*TASK DETAILS*
Begin with the line below holding "2020-2021 school calendar" and go on through the line holding "Йогурт в домашних", duplicating each line exactly and leaving out pictures.

*ENTRIES PROVIDED*

──────────

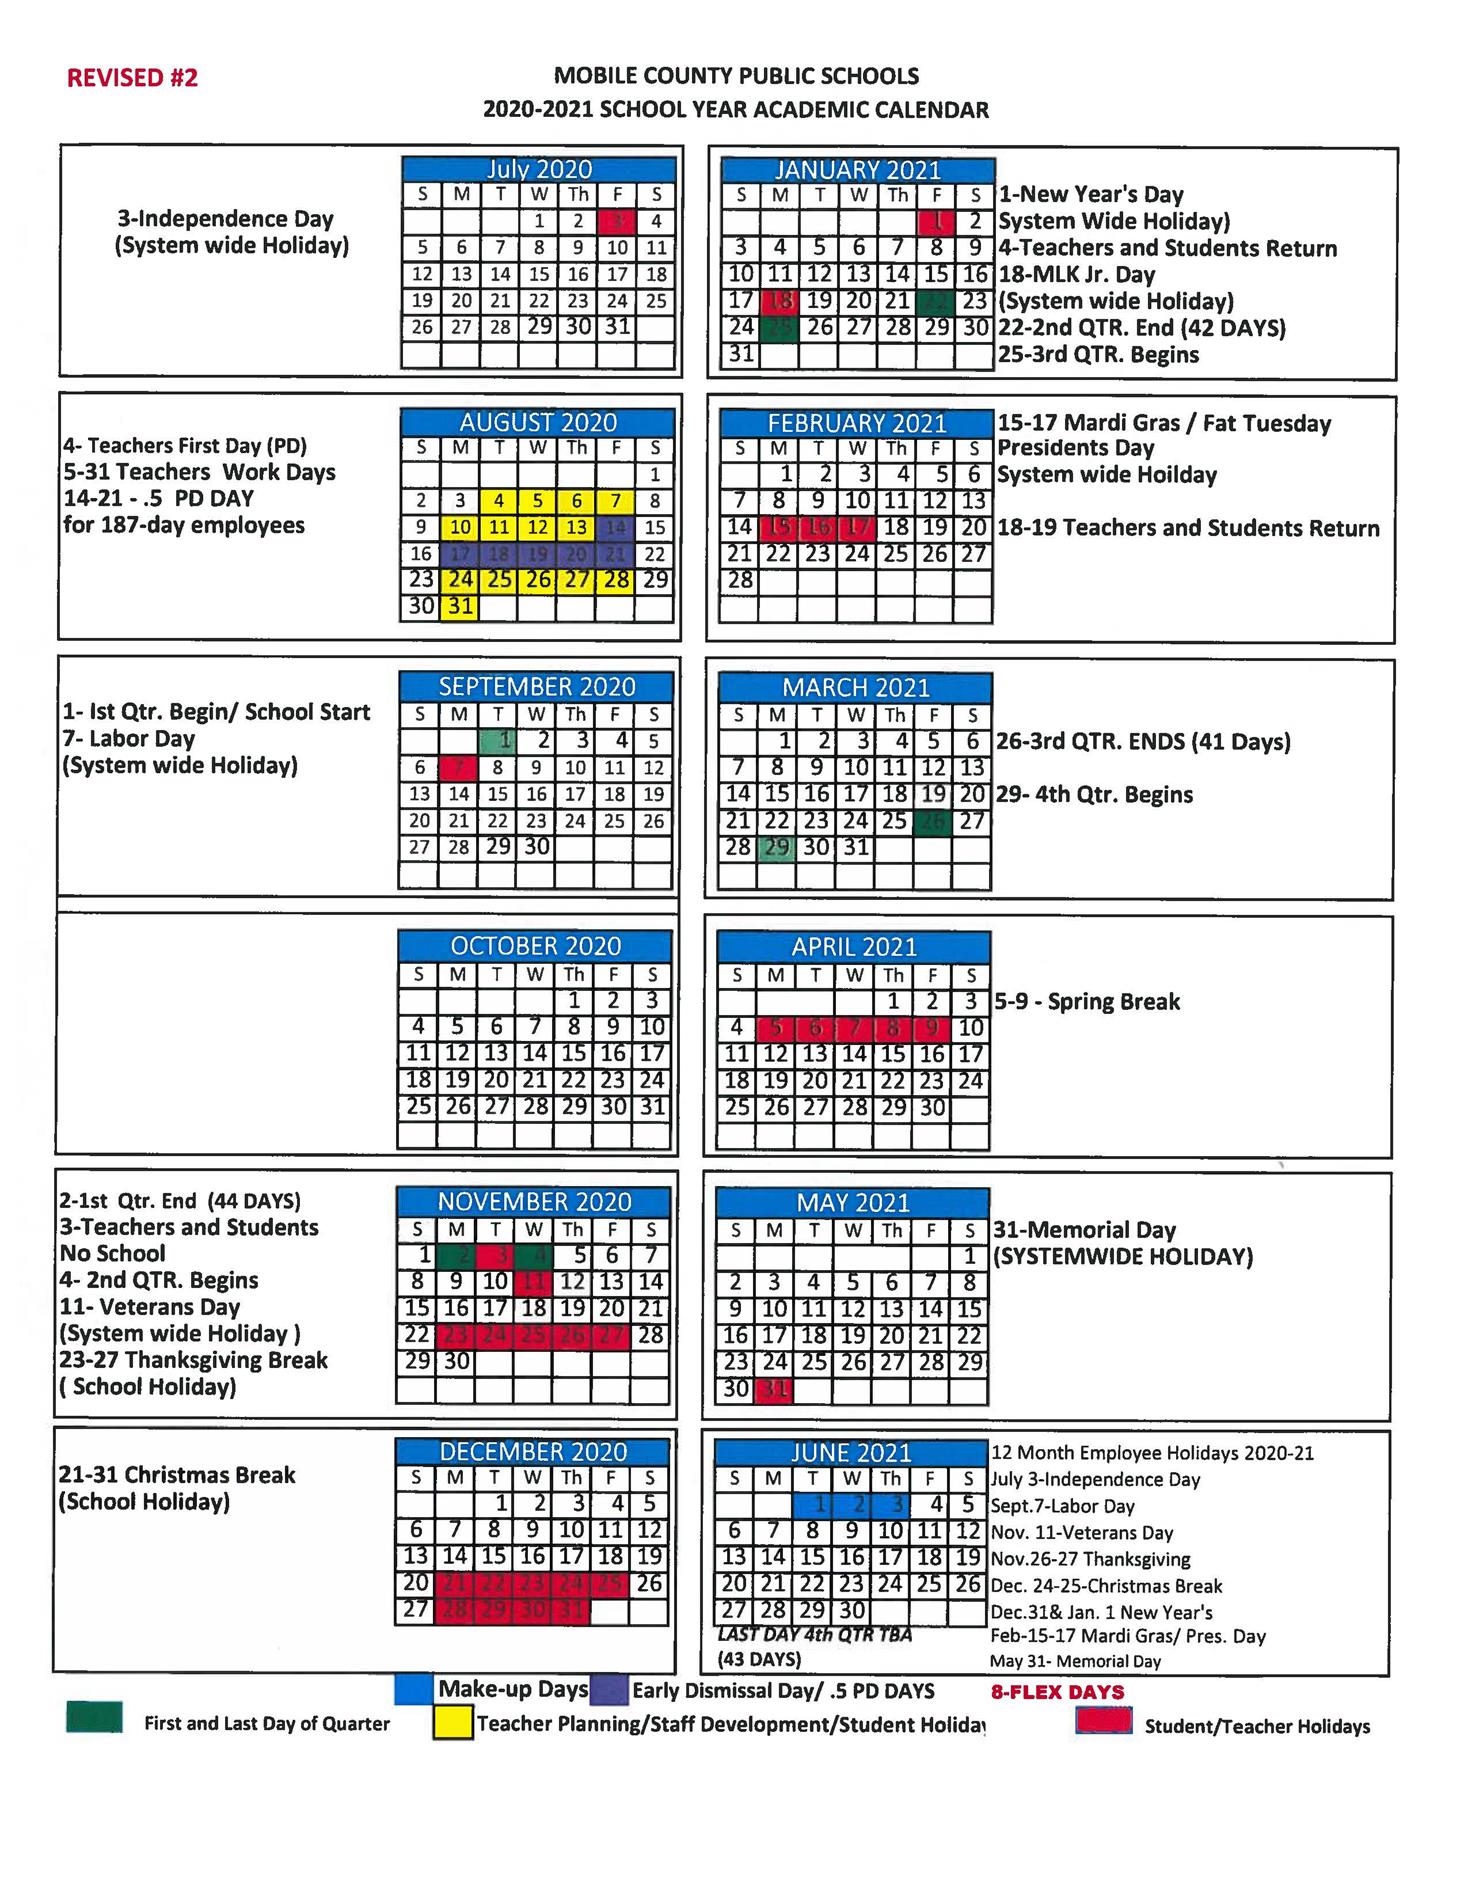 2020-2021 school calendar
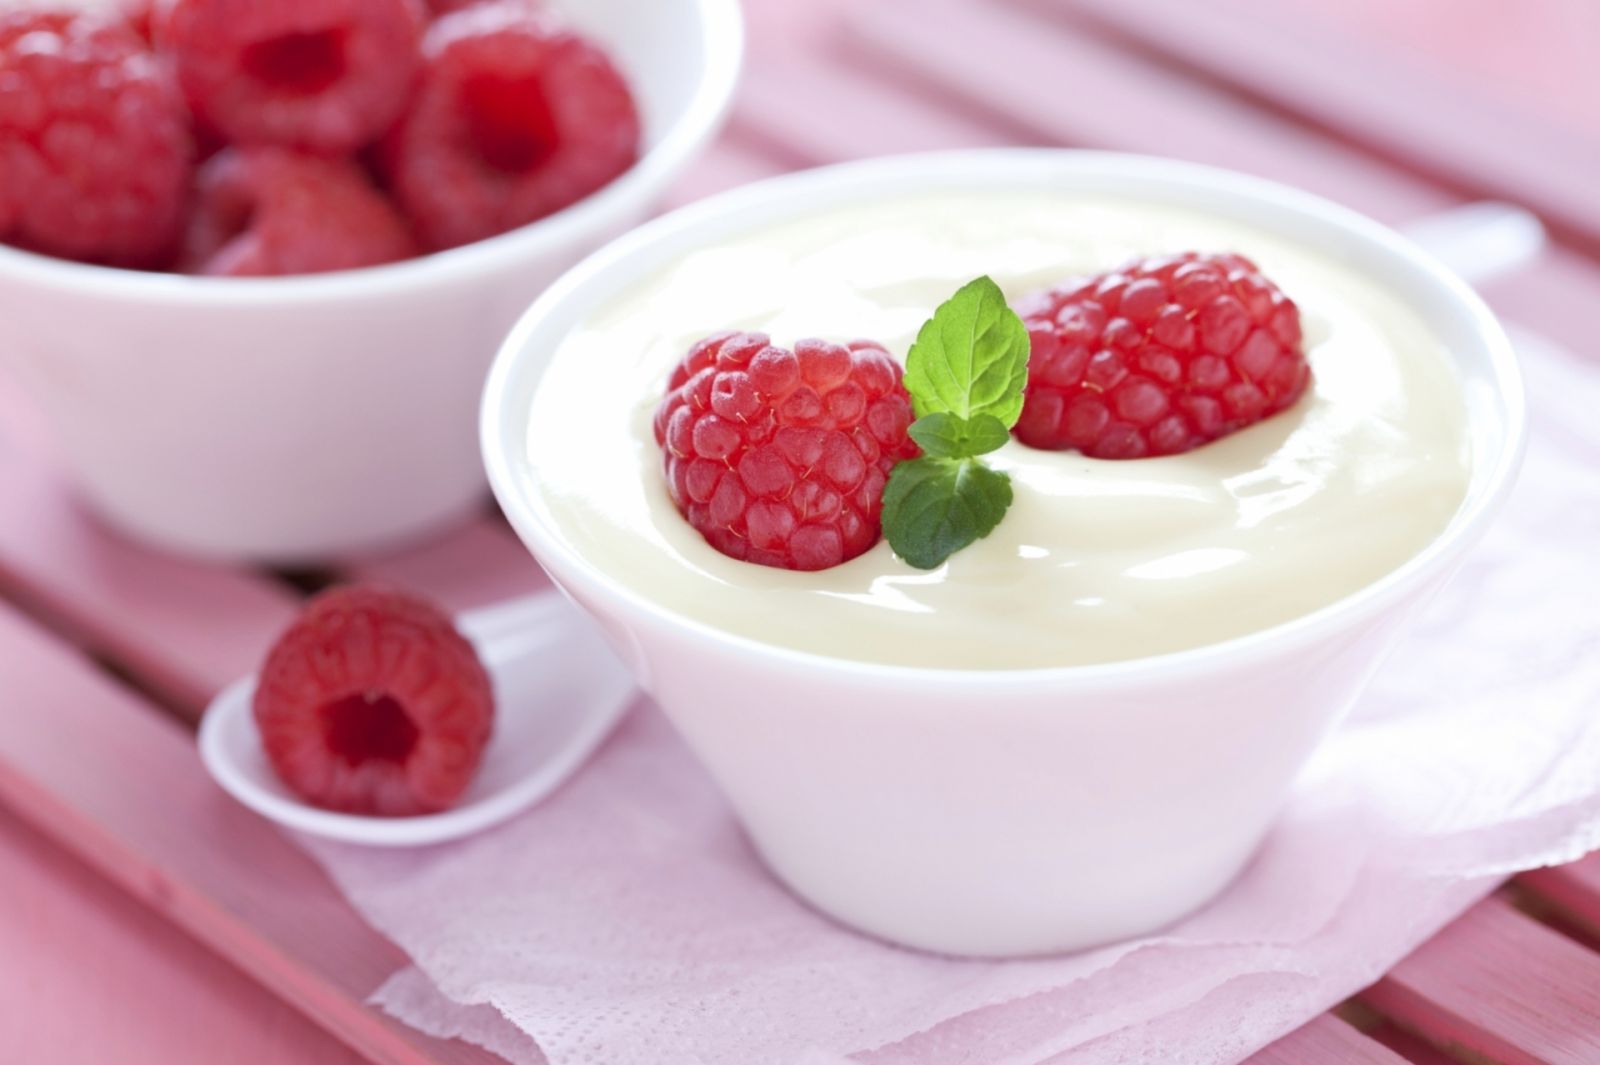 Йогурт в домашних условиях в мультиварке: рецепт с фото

──────────

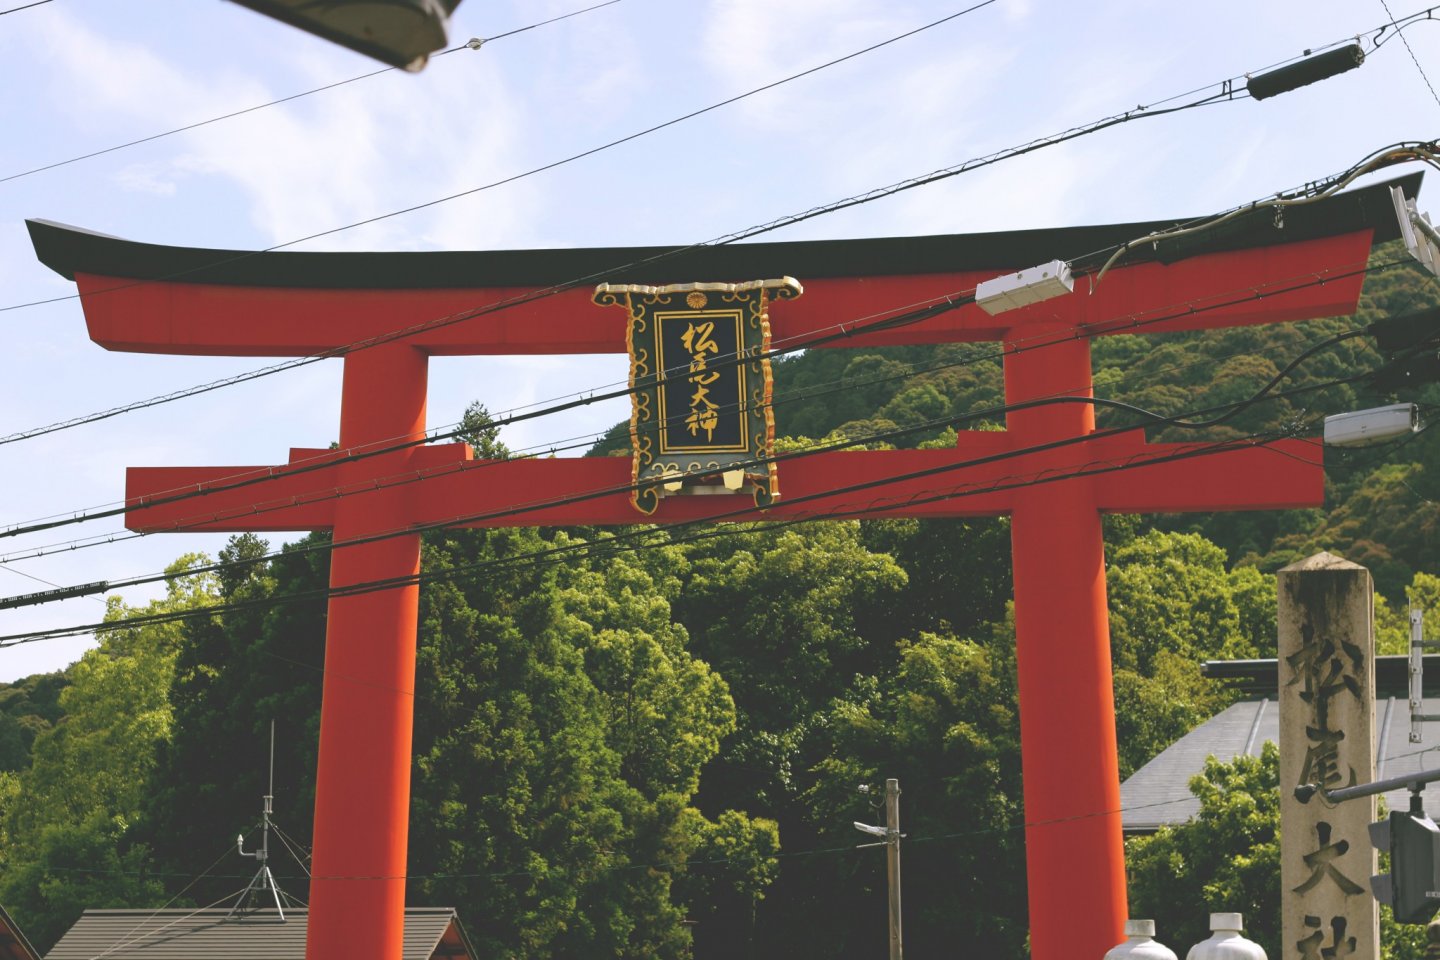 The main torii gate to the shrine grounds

──────────

*OUTPUT FOR THIS EXERCISE*
 2020-2021 school calendar
 Йогурт в домашних условиях в мультиварке: рецепт с фото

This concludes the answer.